我有一个包含12列的逗号分隔文件。
第5列和第6列存在问题(第5列和第6列中的文字相同,但它们之间可能有额外的逗号),其中包含额外的逗号。
2011,123456,1234567,12345678,Hey There,How are you,Hey There,How are you,882864309037,ABC ABCD,LABACD,1.00000000,80.2500000,One Two
所以在上面的例子中“嘿那里,你好吗”不应该有逗号。
我需要删除第5和第6列中的额外逗号。
答案 0 :(得分:4)
如果您想要删除第5个逗号,请尝试
sed 's/,//5' input.txt
但是你说,可能有额外的逗号。你必须提供一个逻辑,以确定是否有额外的逗号。
如果您知道逗号的数量,可以使用awk。事实证明这是一个非常好的练习,我相信其他人会提出一个更优雅的解决方案,但无论如何我都会分享我的:
awk -f script.awk input.txt
使用script.awk:
BEGIN{
FS=","
}
NF<=12{
print $0
}
NF>12{
for (i=1; i<=4; i++) printf $i FS
for (j=0; j<2; j++){
for (i=0; i<=(NF-12)/2; i++){
printf $(i+5)
if (i<(NF-12)/2) printf "_"
else printf FS
}
}
for (i=NF-5; i<=NF; i++) printf $i FS
printf "n"
}
首先,我们将字段分隔符设置为,
。如果我们计算的数字小于或等于12
字段,那么一切都很好,我们只需打印整行。如果有超过12个字段,我们首先打印前4个字段(再次使用字段分隔符),然后我们打印两次字段5(和字段6),但不是打印,
,而是交换它与_
。最后,我们打印剩下的字段。
正如我所说,这可能是一个更优雅的解决方案。
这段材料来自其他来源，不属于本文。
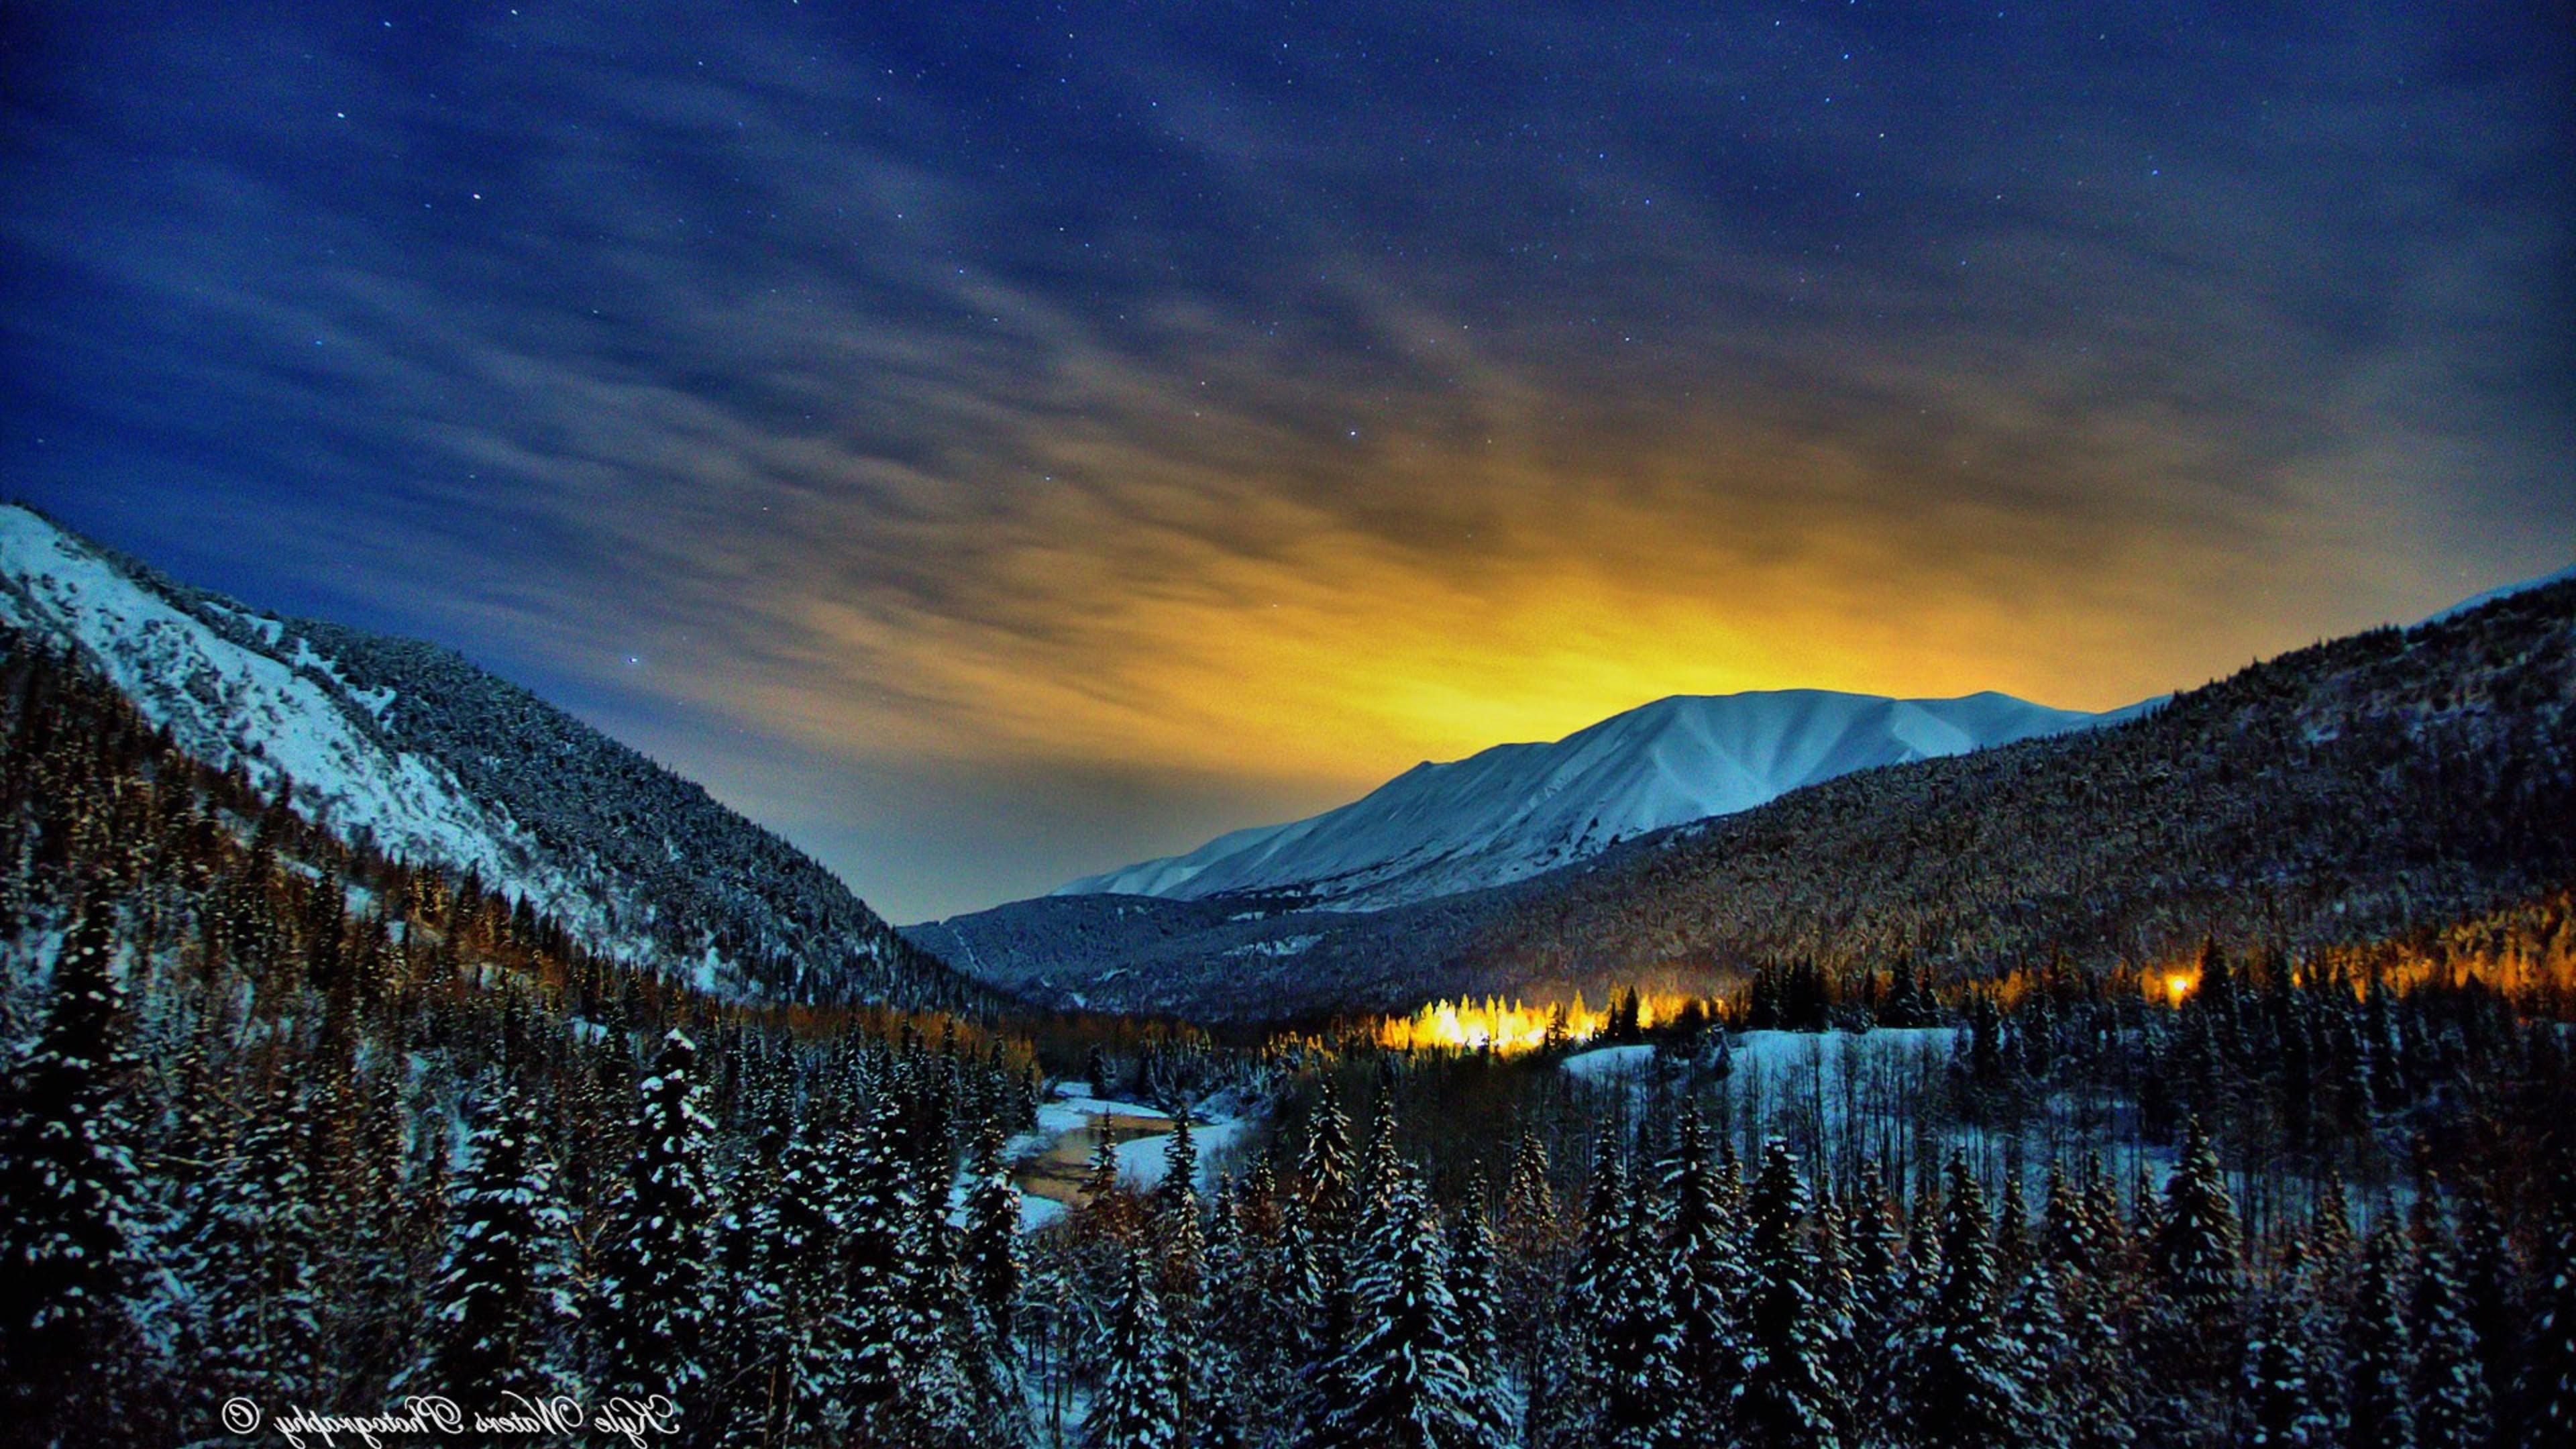 4k Laptop Wallpaper Fall Forest Alaska Winter Nights Hd Nature 4k Wallpapers Images

我想知道其他人出现了什么。
答案 1 :(得分:2)
如果所有其他字段都是数字字段,您可以尝试按该条件保存有用的逗号。
sed -r 's/(,)[0-9]/;/g' a | sed -r 's/[0-9](,)/;/g' | sed -r 's/,//g' | awk -F\; '{ print $1 "," $2 "," $3 "," $4 "," substr($5, 0, length($5)/2) "," substr($5, length($5)/2 +1, length($5)/2) "," $6 "," $7}'
2011,23456,234567,234567,Hey ThereHow are you,Hey ThereHow are you,8286430903,
答案 2 :(得分:1)
您可以尝试使用perl及其Text::CSV_XS
模块:
#!/usr/bin/env perl
use warnings;
use strict;
use Text::CSV_XS;
my (@columns);
open my $fh, '<', shift or die;
my $csv = Text::CSV_XS->new or die;
while ( my $row = $csv->getline( $fh ) ) {
undef @columns;
if ( @$row <= 12 ) {
@columns = @$row;
next;
}
my $extra_columns = ( @$row - 12 ) / 2;
my $post_columns_index = 4 + 2 * $extra_columns * 2;
@columns = (
@$row[0..3],
(join( '', @$row[4..(4+$extra_columns)] )) x 2,
@$row[$post_columns_index..$#$row]
);
}
continue {
$csv->print( \*STDOUT, \@columns );
printf "\n";
}
假设输入文件(infile
)有三行,其中第一行有另外一个逗号,第二行有另外两个逗号,第三行是正确的:
2011,123456,1234567,12345678,Hey There,How are you,Hey There,How are you,882864309037,ABC ABCD,LABACD,1.00000000,80.2500000,One Two
2011,123456,1234567,12345678,Hey There,How are you,now,Hey There,How are you,now,882864309037,ABC ABCD,LABACD,1.00000000,80.2500000,One Two
2011,123456,1234567,12345678,Hey There:How are you,Hey There:How are you,882864309037,ABC ABCD,LABACD,1.00000000,80.2500000,One Two
运行如下脚本:
perl script.pl infile
产量:
2011,123456,1234567,12345678,"Hey ThereHow are you","Hey ThereHow are you",882864309037,"ABC ABCD",LABACD,1.00000000,80.2500000,"One Two"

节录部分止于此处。